La semaine passée, les garde-côtes grecs ont découvert au sud de la Crète un bateau de migrants incapable de manœuvrer et transportant 85 passagers. Les personnes ont été secourues. L'incident révèle une nouvelle tendance.
La petite île de Gavdos, située à 50 kilomètres au large de la côte sud de la Crète, a longtemps été un secret d'initiés pour les amoureux de la Grèce. Les visiteurs y découvrent des plages de sable isolées et des eaux transparentes. Aujourd'hui, cette île idyllique attire de plus en plus les trafiquants d'êtres humains qui font entrer des migrants irréguliers dans l'UE.
Alors qu'auparavant la plupart des immigrants irréguliers arrivaient en Grèce depuis la Turquie via la mer Egée et le fleuve frontalier Evros, les passeurs d'Afrique du Nord se dirigent désormais de plus en plus souvent vers Gavdos et la Crète. L'année dernière, 617 migrants au total sont arrivés sur les deux îles. Au cours des sept premières semaines de cette année, ils étaient déjà 612.
Les experts en migration attribuent cette augmentation à deux facteurs principaux: la Grèce a considérablement renforcé les contrôles dans la mer Egée. Par ailleurs, l'Italie prend des mesures plus strictes contre les migrants irréguliers. De nombreux migrants se dirigent donc désormais depuis l'Afrique du Nord vers Gavdos et la Crète, les îles les plus au sud de la Grèce en Méditerranée.
C'est un gros problème, en particulier pour les 120 habitants de la petite Gavdos. Leur île de seulement 30 kilomètres carrés ne dispose pas de l'infrastructure nécessaire pour accueillir et loger les migrants. Cela s'est vérifié le 28 janvier. Un bateau transportant 74 migrants, dont 20 enfants, est arrivé sur la plage de Trypiti, sur la côte sud de l'île. Les personnes étaient parties de Tobrouk en Libye.
En raison d'une violente tempête, il n'y avait pas de liaison par ferry entre Gavdos et la Crète. Les migrants ont donc dû rester cinq jours à Gavdos. L'administration communale a hébergé provisoirement les personnes en quête de protection dans des bâtiments vides. Il manquait des couvertures et des vêtements secs pour les personnes complètement trempées.
Ils ont toutefois au moins pu avoir à manger: Vangelis Tsirinatis, qui gère un kiosque et la seule taverne de l'île, a préparé des repas pour les migrants 24 heures sur 24. Heureusement, le restaurateur de 46 ans avait stocké suffisamment de spaghettis, de riz, de pommes de terre et de conserves.

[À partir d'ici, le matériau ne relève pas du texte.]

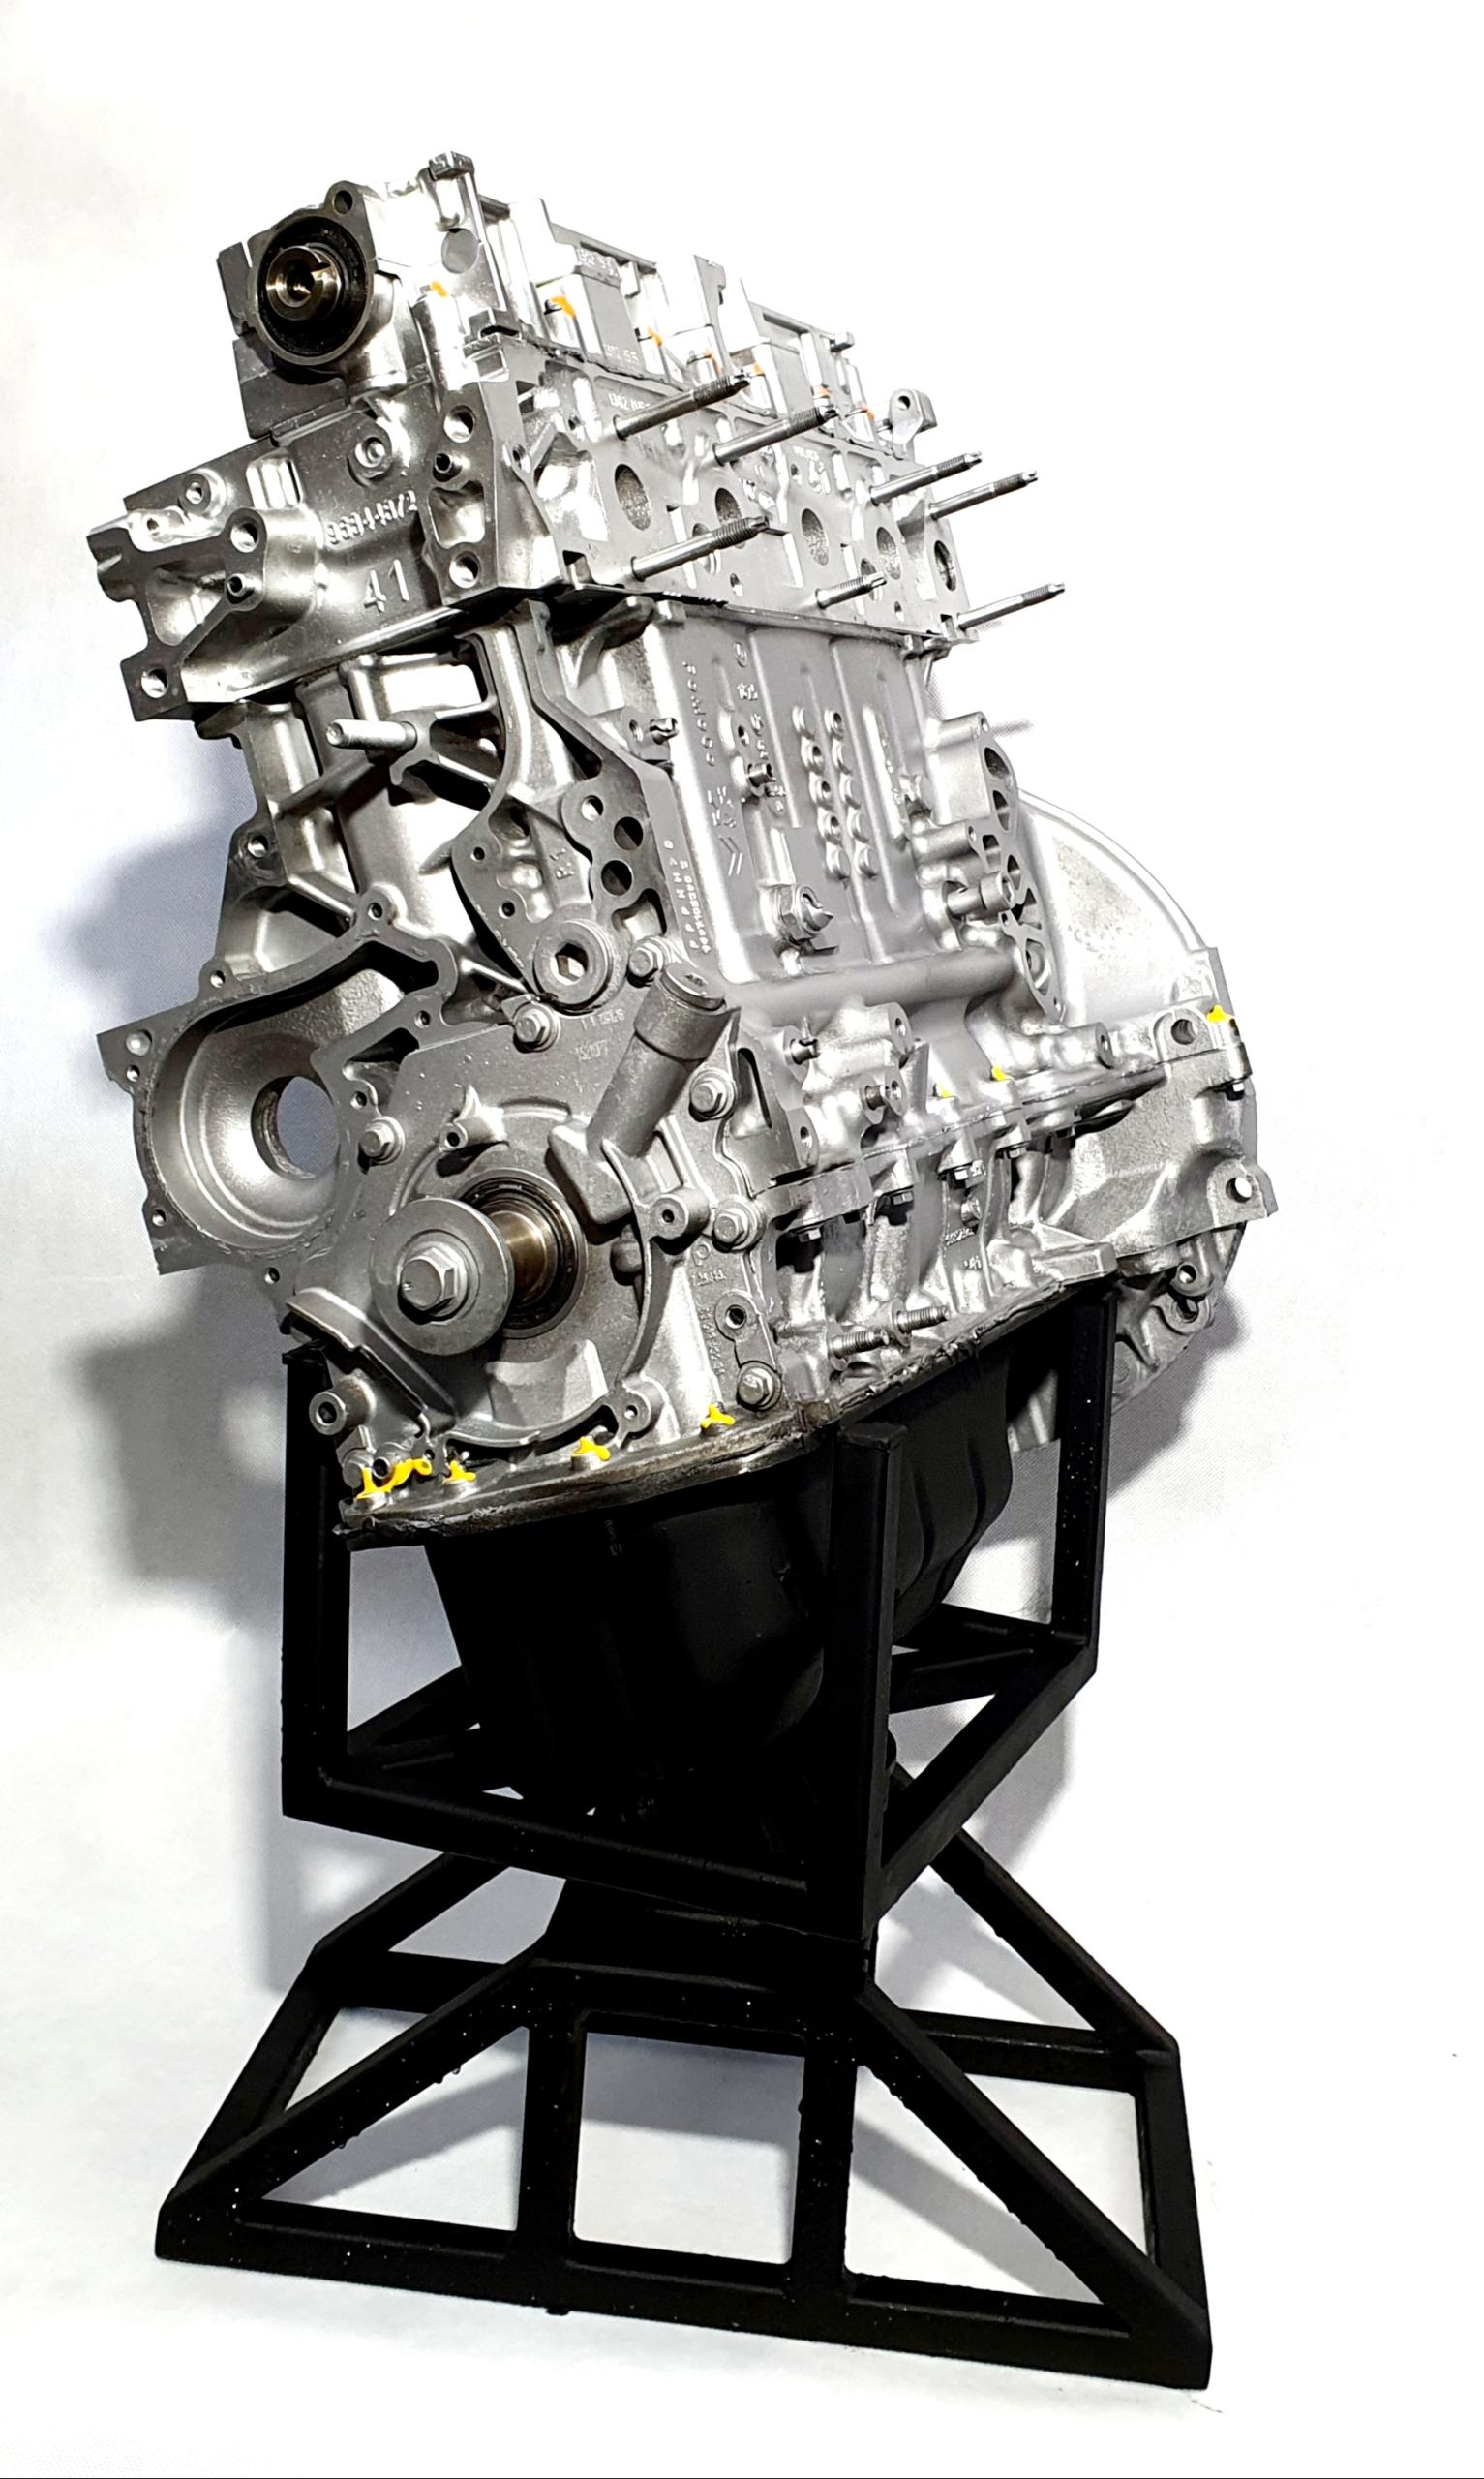 двигатель 16 hdi 9hh peugeot citroen+regenerowany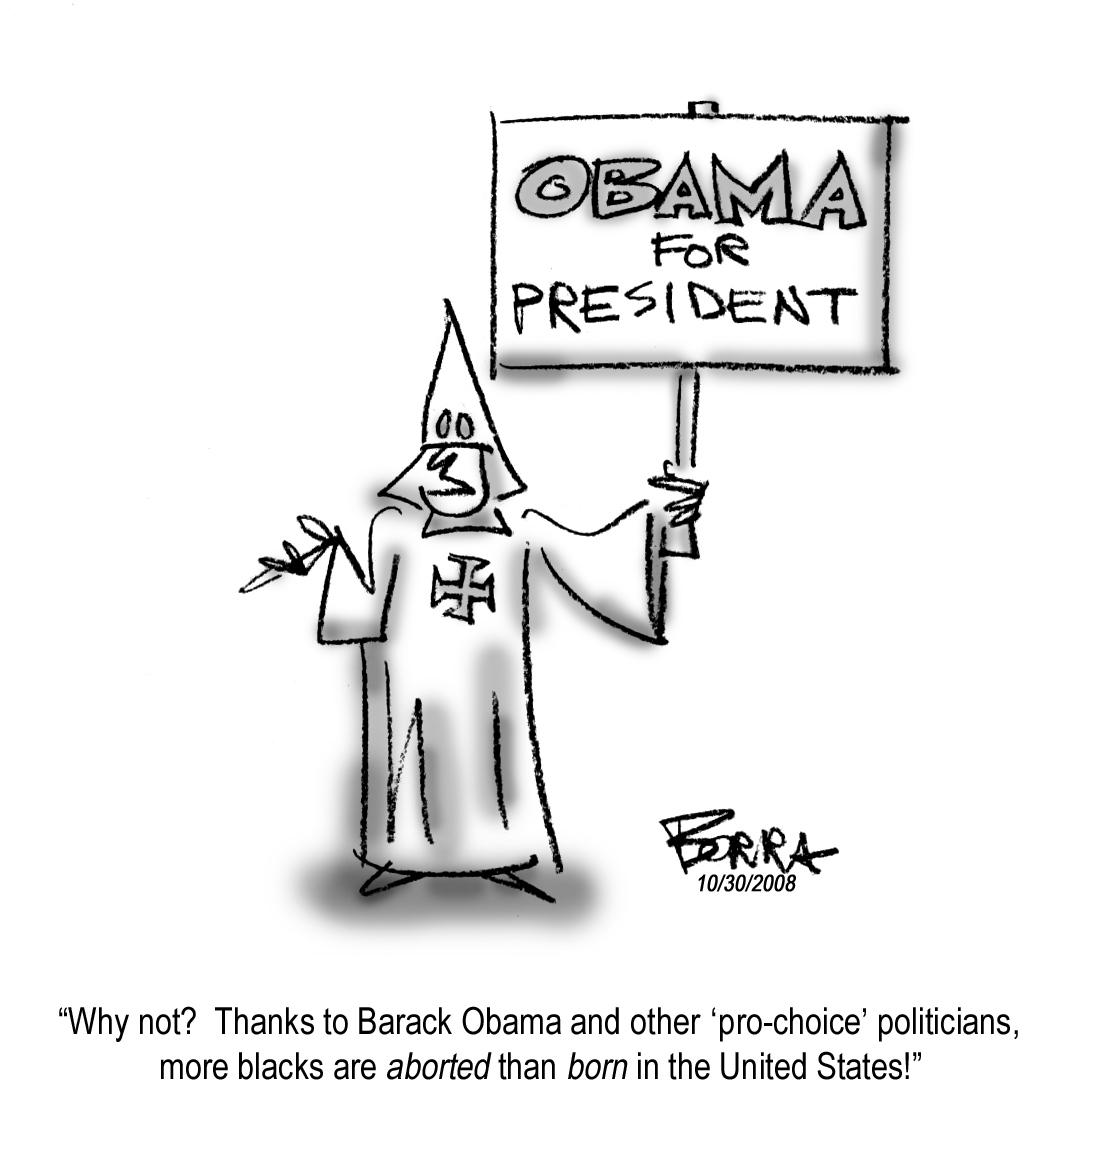 [Klansmen+for+Obama+2.jpg]

Environ 300 kilomètres séparent la Libye des îles les plus au sud de la Grèce. Des migrants ont rapporté que les passeurs leur demandaient entre 4000 et 5000 dollars, pour la traversée de Tobrouk à la Crète.
Mais certains paient le voyage de leur vie. La mer libyenne est souvent agitée. De nombreux bateaux utilisés par les passeurs ne sont pas du tout en état de naviguer et sont en outre complètement surchargés. La route entre la Libye et la Crète est considérée comme l'une des plus dangereuses de toute la Méditerranée.
Selon le Haut Commissariat des Nations unies pour les réfugiés (HCR), 710 migrants se sont noyés l'année dernière en Méditerranée orientale. Le nombre de victimes a ainsi doublé par rapport à 2022. Mais d'après les estimations des experts, le nombre réel devrait être bien plus élevé.
Pendant ce temps, à Gavdos, l'inquiétude grandit quant à une nouvelle augmentation du flux de migrants. La plupart des habitants vivent du tourisme pendant les mois d'été. L'inquiétude est d'autant plus grande que leur île pourrait devenir une deuxième Lampedusa, la petite île italienne sur laquelle des milliers de migrants vivent dans des camps totalement surpeuplés. Dans ce cas, le tourisme serait probablement terminé, craint le restaurateur Vangelis.